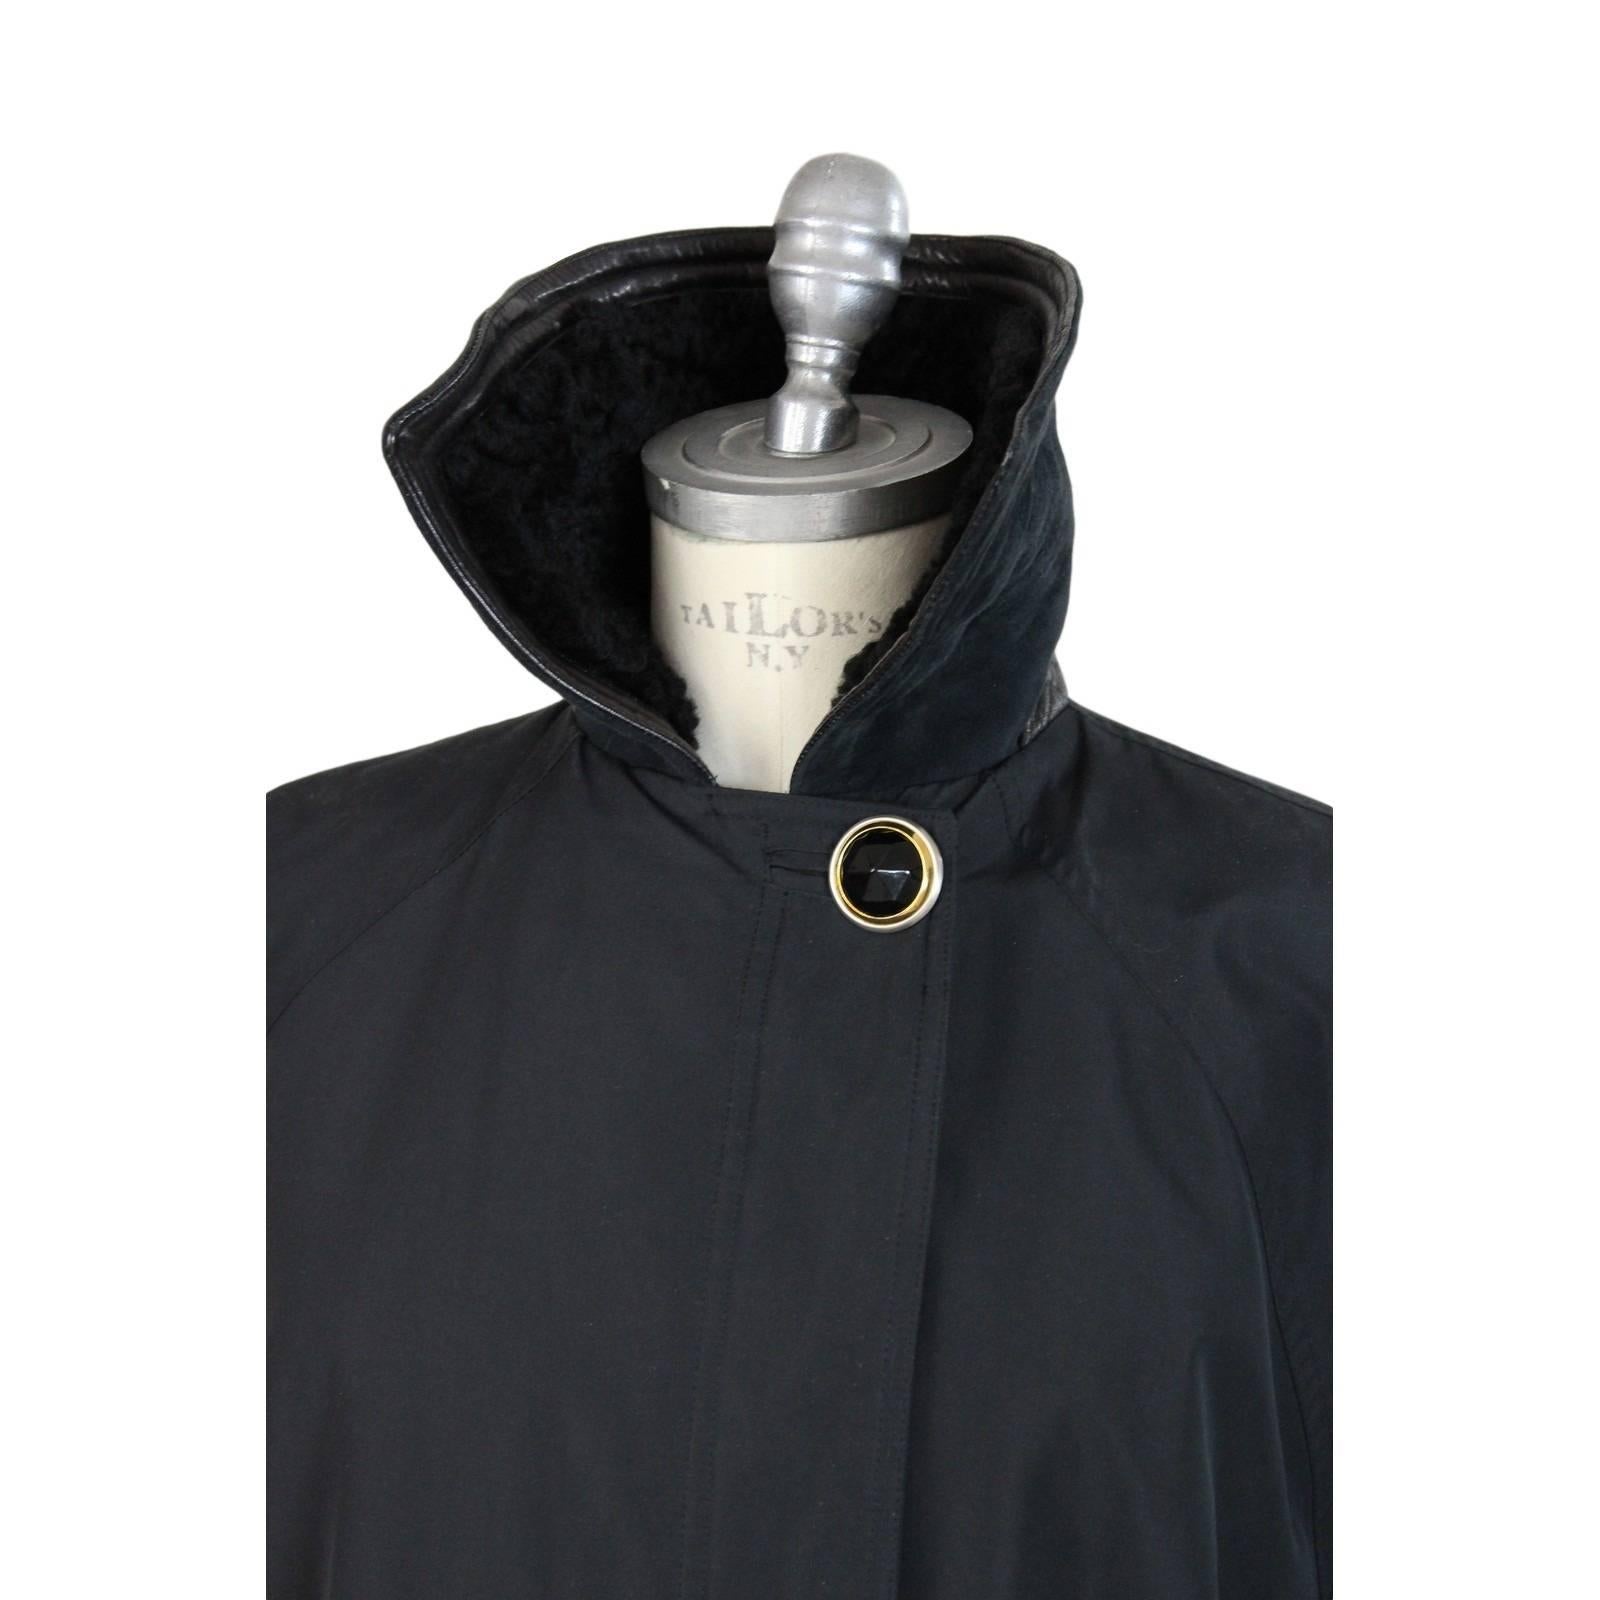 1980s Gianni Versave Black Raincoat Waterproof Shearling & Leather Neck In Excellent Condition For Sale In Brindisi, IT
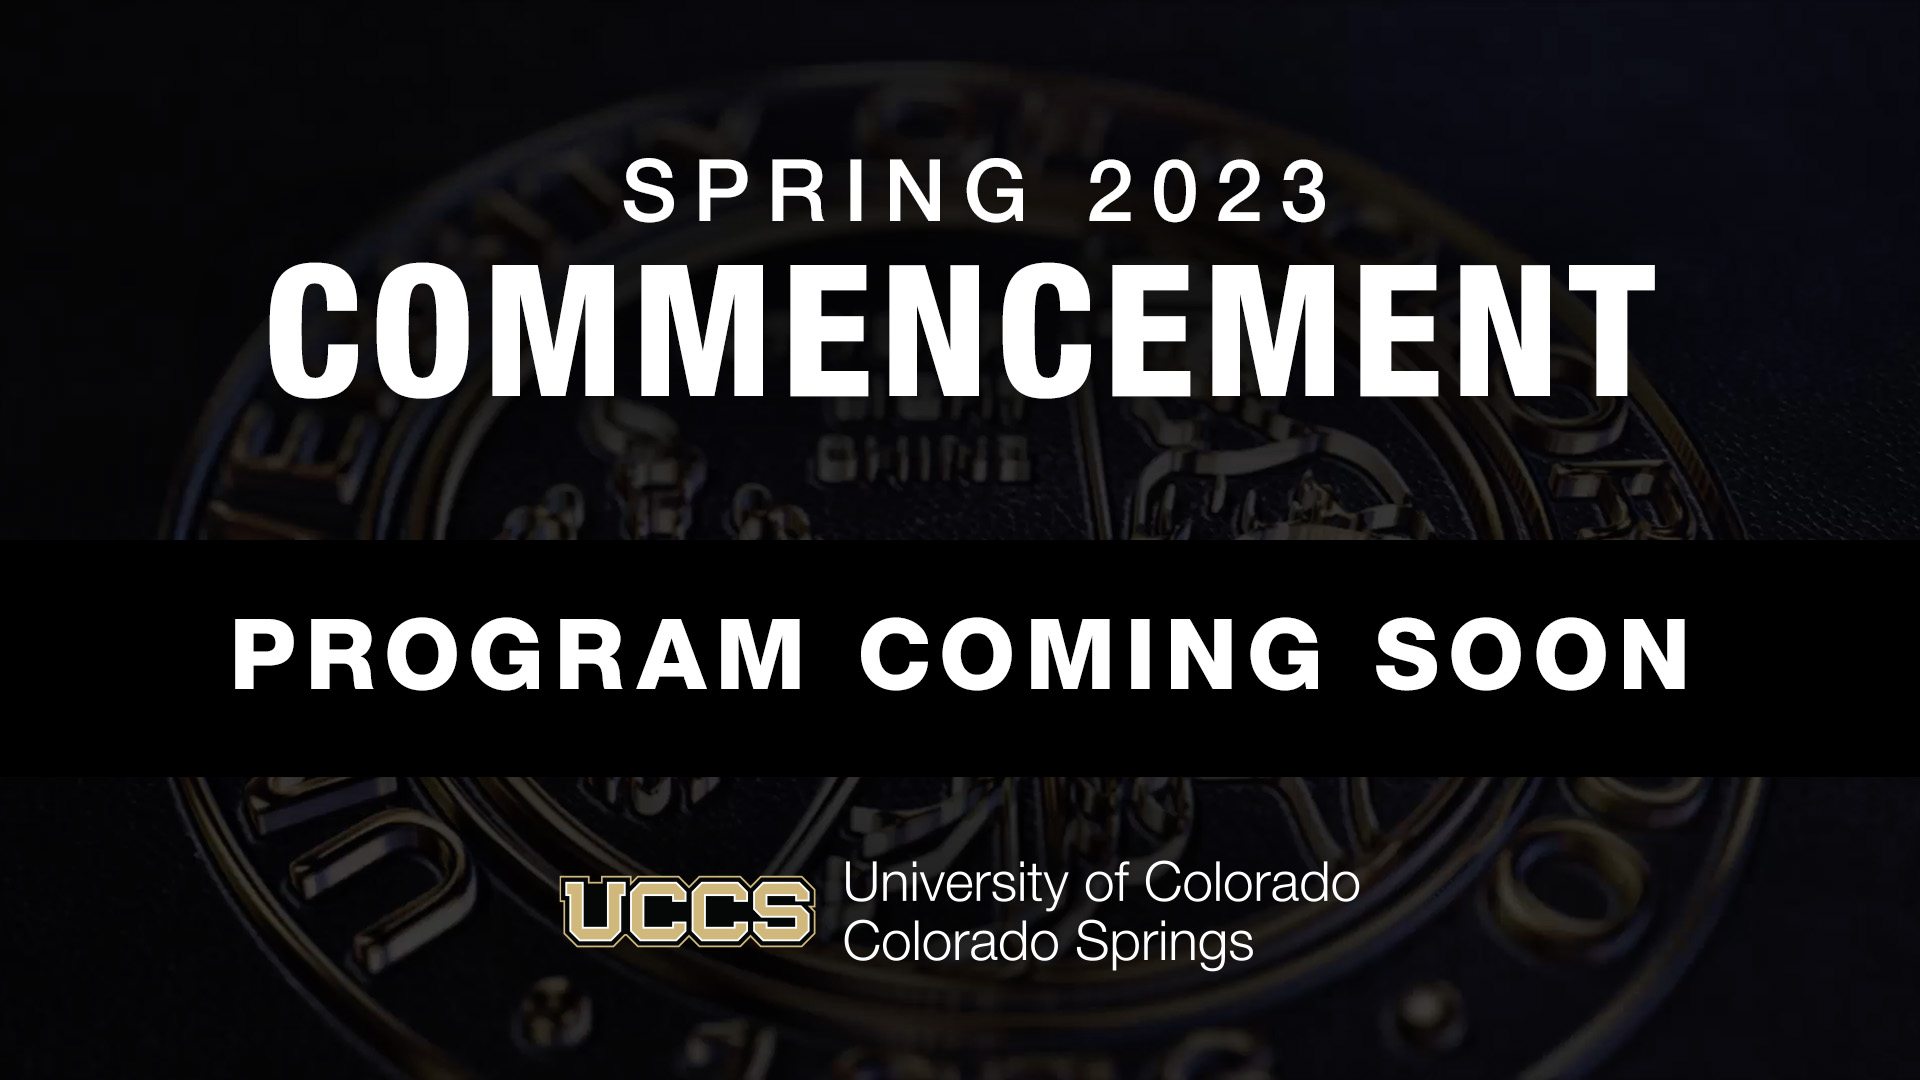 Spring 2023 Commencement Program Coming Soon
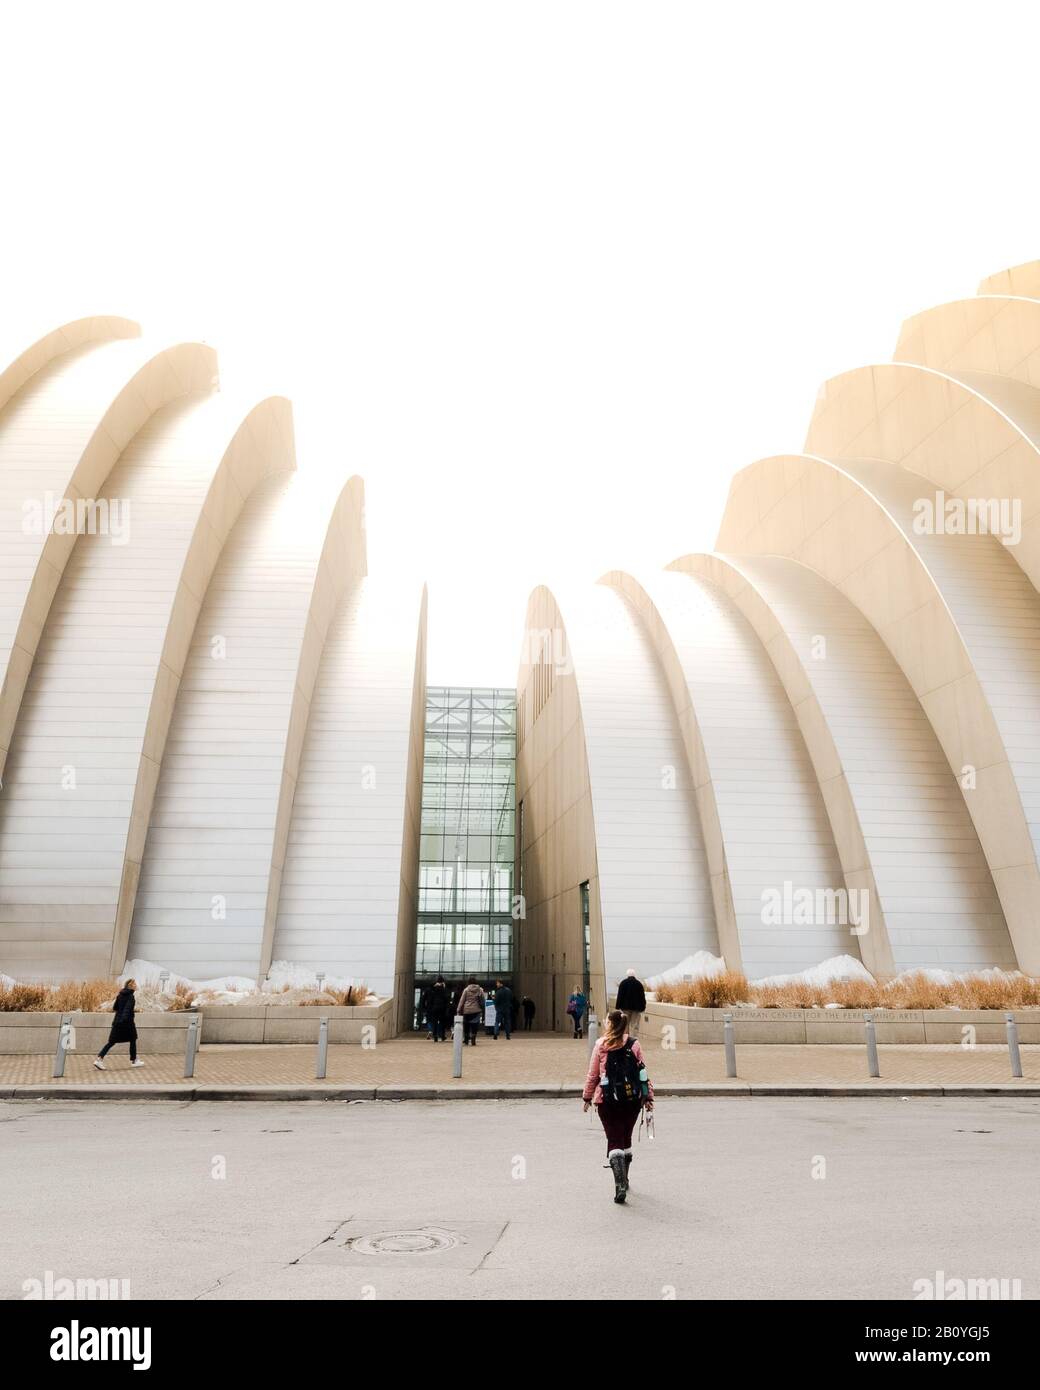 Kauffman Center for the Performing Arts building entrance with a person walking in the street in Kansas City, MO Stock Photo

..............................

*Work to be completed:* Write out again, word for word, the lines from the one holding "Spring 2023 Commencement Program Coming Soon" through the final line of the listing, including both ends but no pictures.

*Response to the task:*
 Spring 2023 Commencement Program Coming Soon
 Kauffman Center for the Performing Arts building entrance with a person walking in the street in Kansas City, MO Stock Photo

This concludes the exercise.